When the medium becomes the message - an example

 

General Photography

Sonnabend is probably the gallery that most closely resembles an actual photography museum in (New York’s) Chelsea. Whenever I’m in town I go to see their shows, especially since almost inevitably it’s one of the usual German suspects (and even just a glimpse of, say, one of Elger Esser’s large photographs, often - and sadly enough - makes the whole trip to Chelsea worthwhile).

Just a few weeks ago, I went again. It has become a bit of a tradition for me to go with my brother in law J., who likes modern art and photography (he has a degree from RISD) and who, I suspect, likes the prospect of having someone who not only will happily pick shows to go to in advance but who also is somewhat in the know about the shows. I remember I got excited about the prospect of seeing that they were showing new work by Clifford Ross whose hurricane photographs I was familiar with.

This time, Sonnabend showed a whole bunch of very large images, all of which contained the same photograph as a basis - a photograph, which, the more often I saw it, got less and less interesting. In fact, it wasn’t even such an interesting image to begin with. Some lake with some big mountain. Needless to say, in situations like this one, J. likes to ask me about what we are actually looking at and what I was thinking of it, the answer to the former I remember to be “I don’t really know”, and the answer to the latter of which it would be somewhat rude to quote here (hint: it contained a lot of sounds that you can also find in German).

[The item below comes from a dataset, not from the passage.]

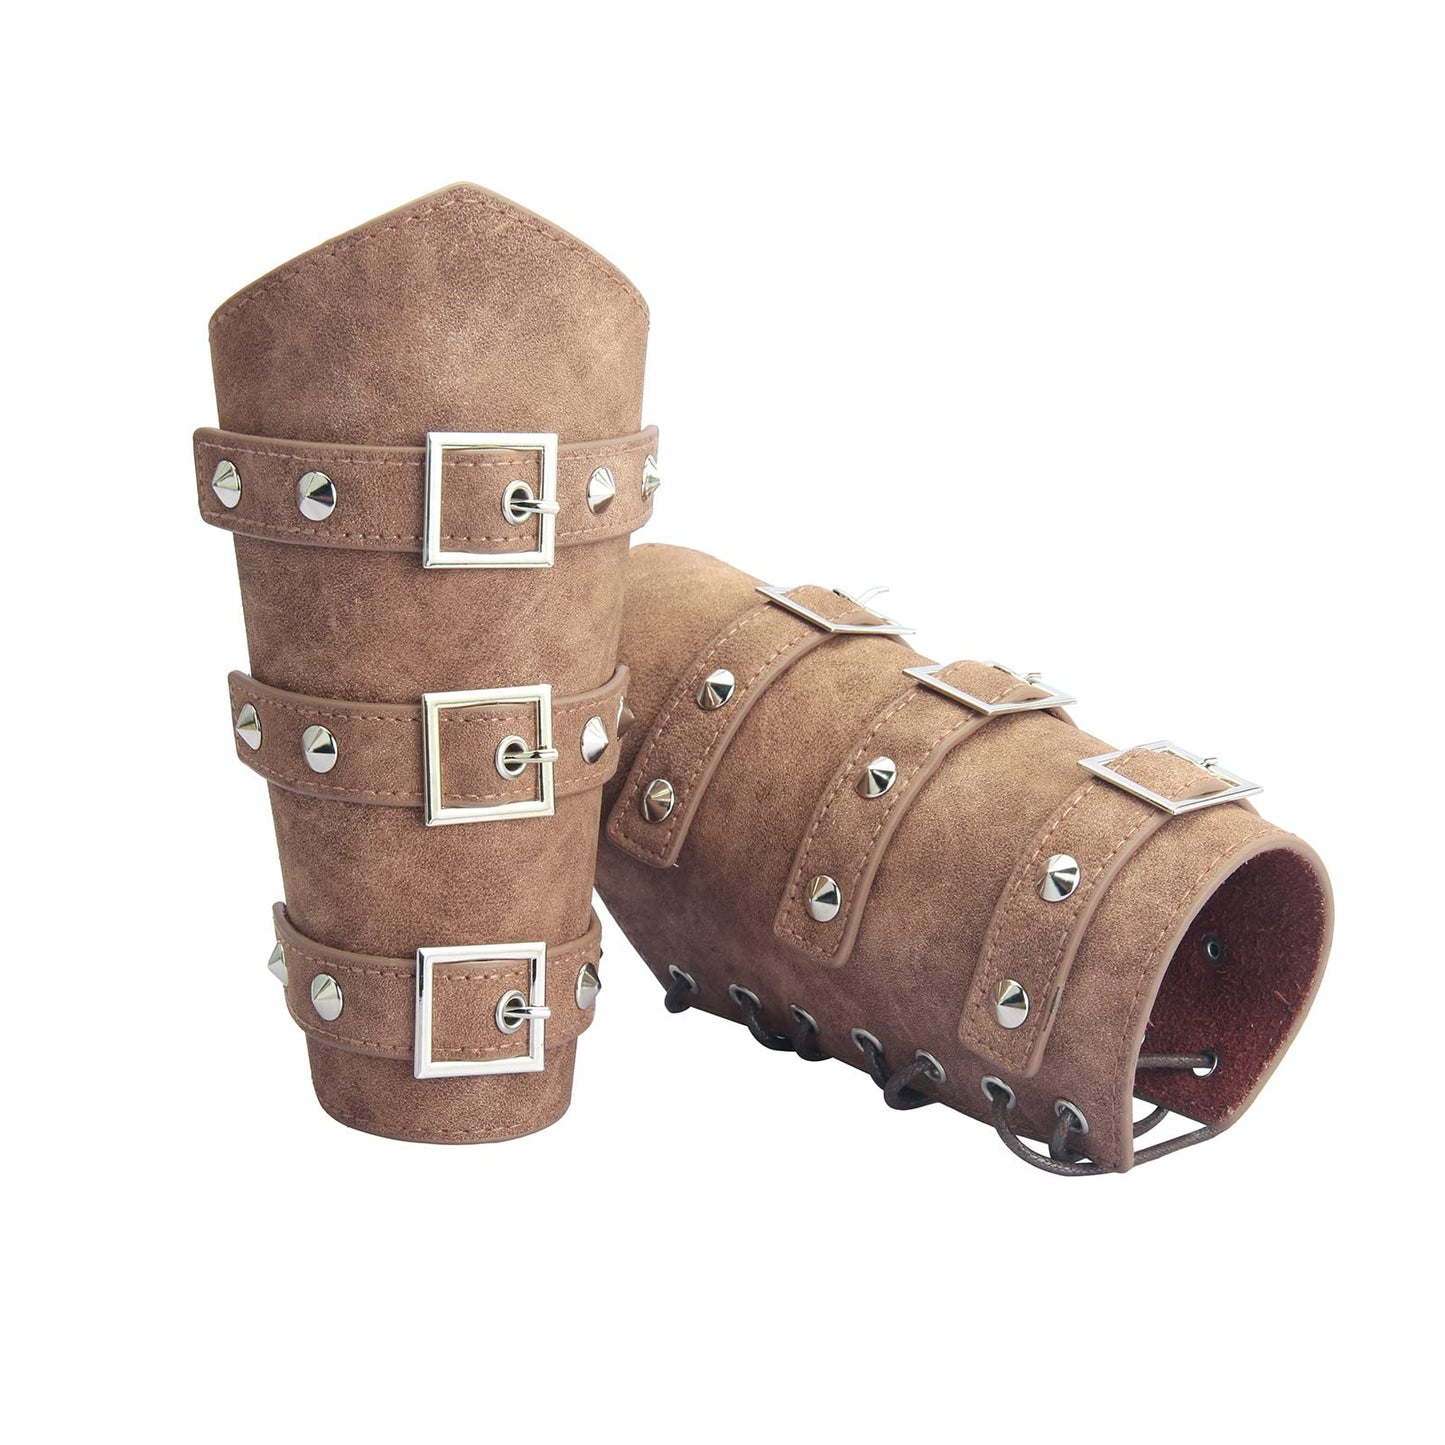 GelConnie Leather Gauntlet Wristband Armor Bracers

I was making some guesses as to what we were seeing, but at the end of the day I was struck by what simply looked like someone being in love with Photoshop (J. advanced that theory if I remember correctly). Of course, the whole commercial photography sector is in love with Photoshop, but when you see it at Sonnabend it does make you wonder.

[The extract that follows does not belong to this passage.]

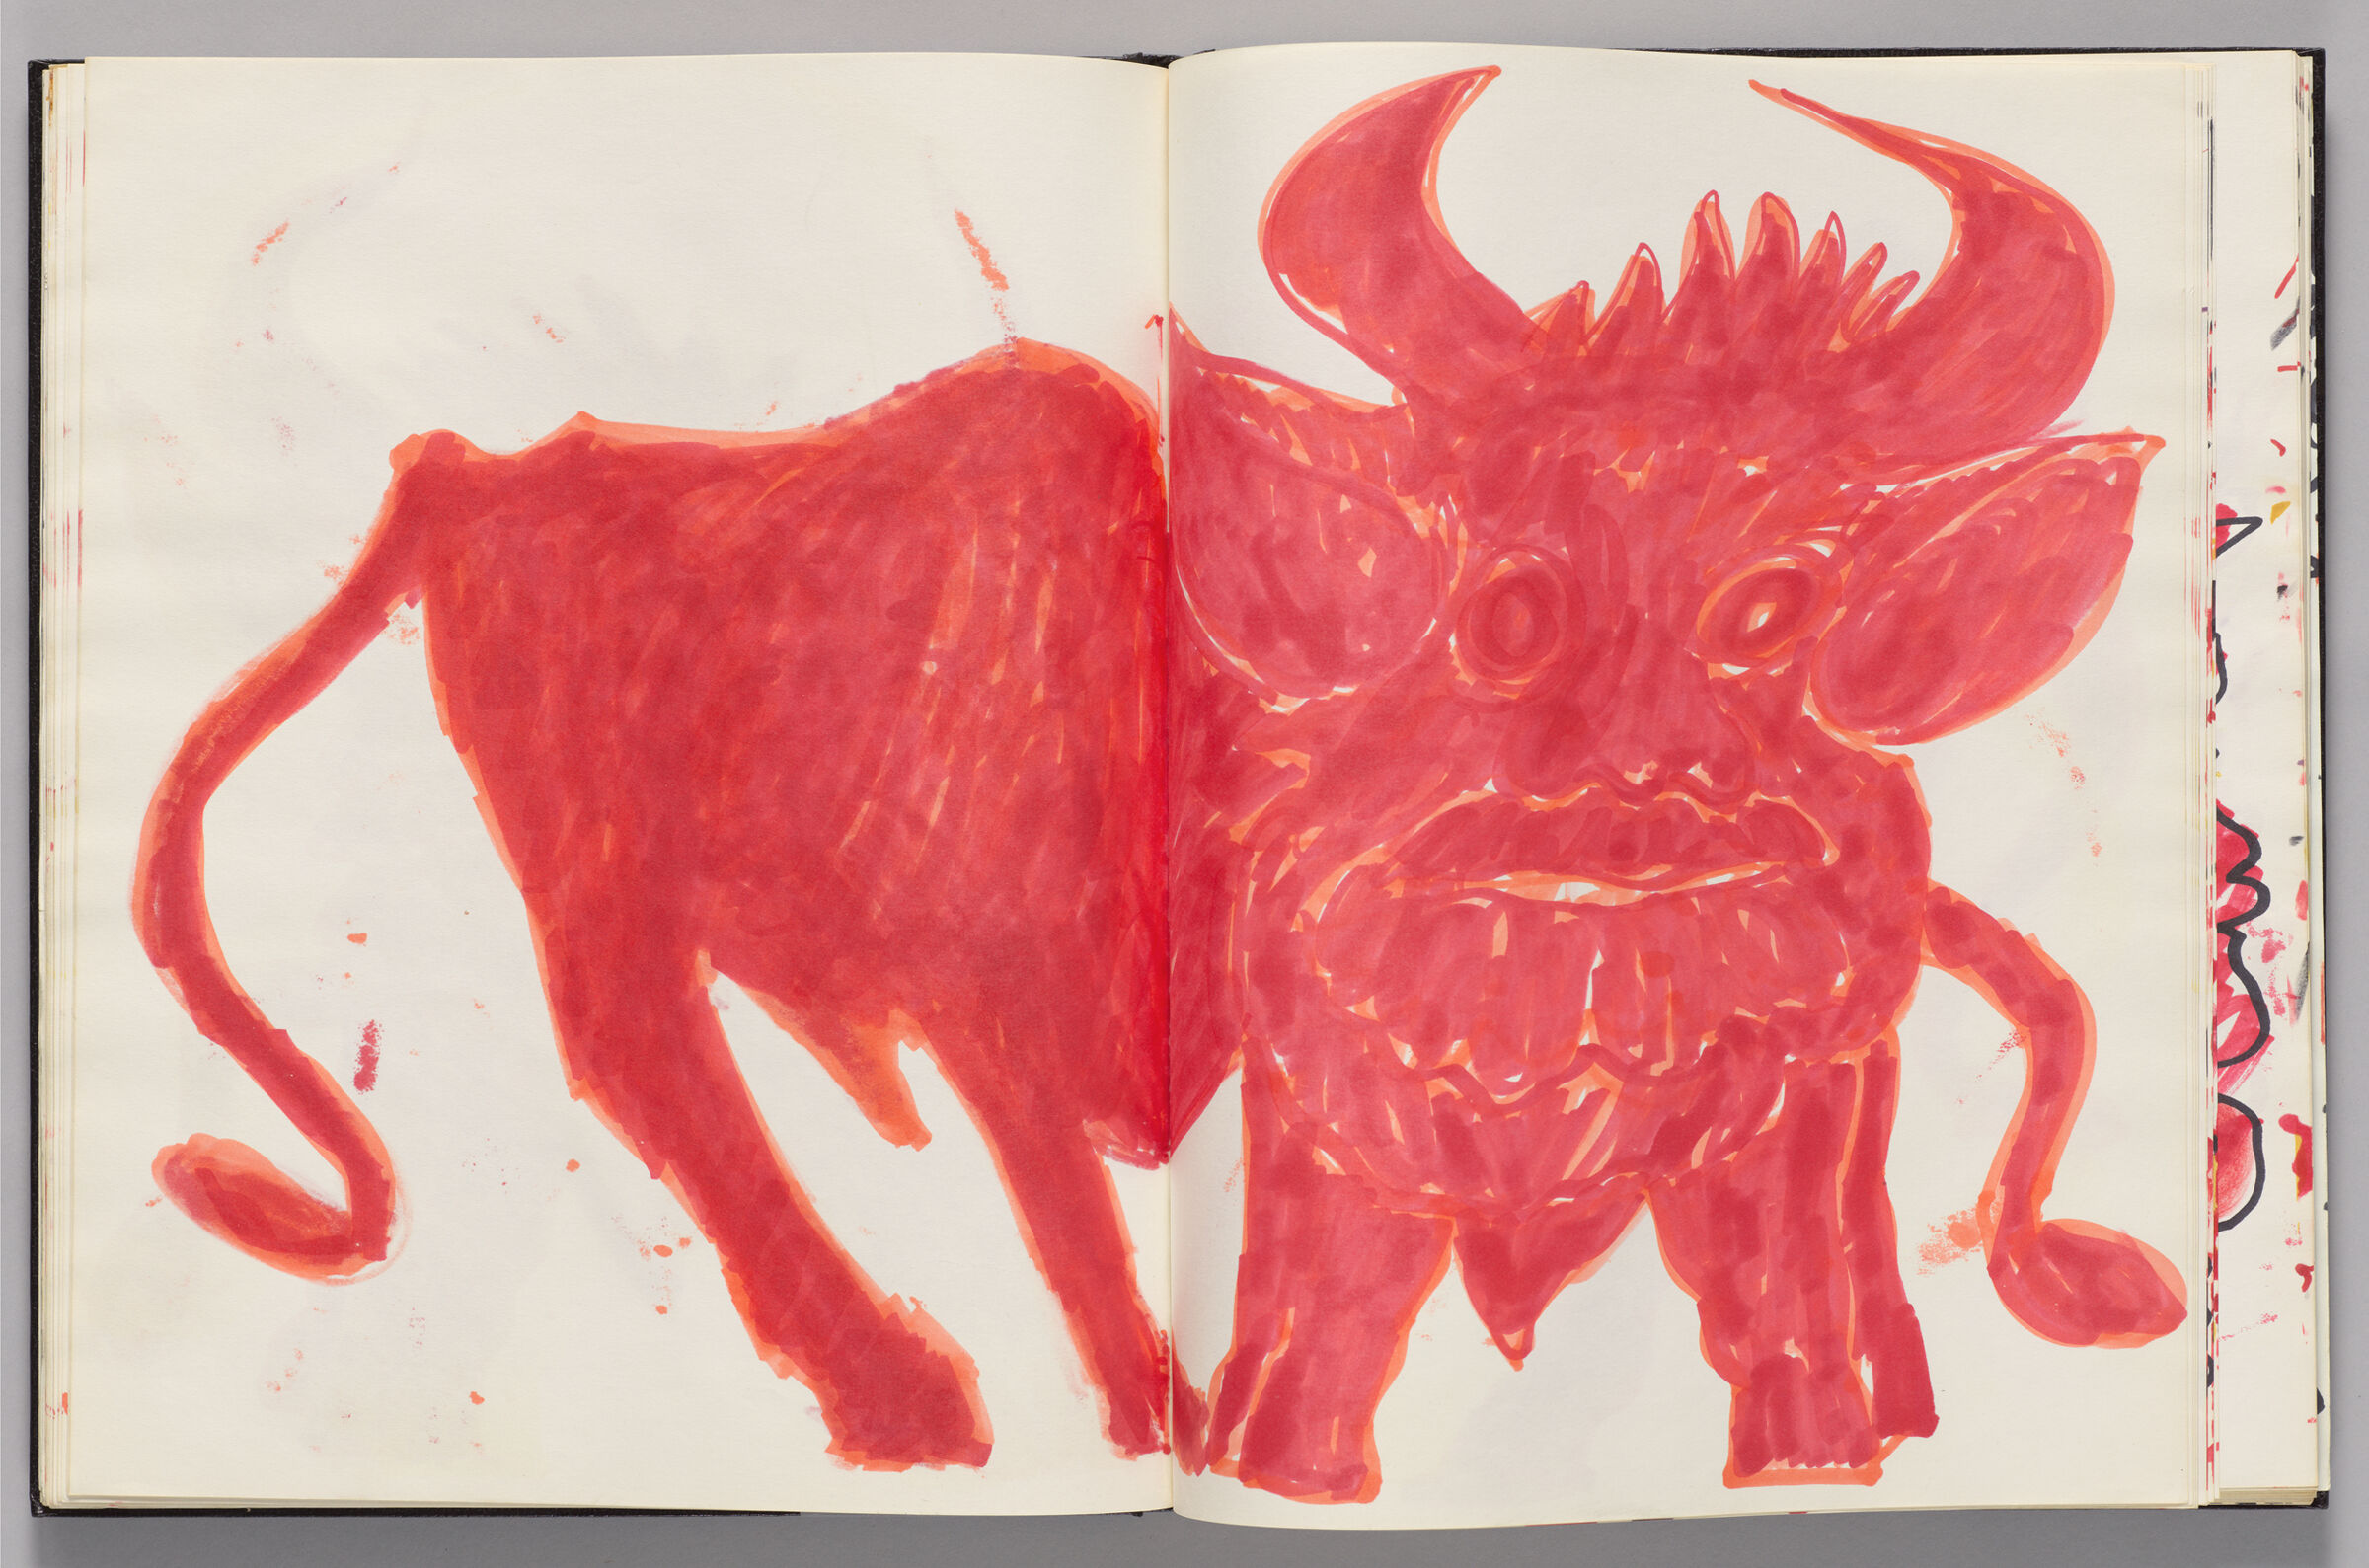 Untitled (Bleed-Through Of Minotaur Body Connected To Minotaur Head, Two-Page Spread)

Just a few days ago, I finally found the answer on Harlan Erskine’s blog (I could have found it on Clifford Ross’ website, too - but somehow the work had been too literally forgettable for that option). Quoting from the NY Times, his entry noted that “Mr. Ross has taken photographs on 9-by-18-inch negatives that when slowly processed by hand and digitally scanned contain 100 times as much data as the average professional digital camera.”

There we go: A basic case of when the medium becomes the message. In principle, the camera could be used for all kinds of interesting purposes. But taking a photo of some mountain and then messing with it in Photoshop doesn’t really look like one.

Contrast this with Andreas Gursky’s approach, who produces equally large and involved images (please don’t email me to start arguments about whether or not those are “Gigapixel” or “What-have-you-pixel”!), using Photoshop (or whatever else), but whose images are vastly more interesting. Seriously.

Granted, Clifford Ross’ Mountain Redux looks “artier” - or maybe that’s the problem with it. I don’t know. But it’s such a prime example for my complaint about photography where someone appears to be so much in awe of some process that the photography/art produced at the end automatically is assumed to be great. It simply isn’t.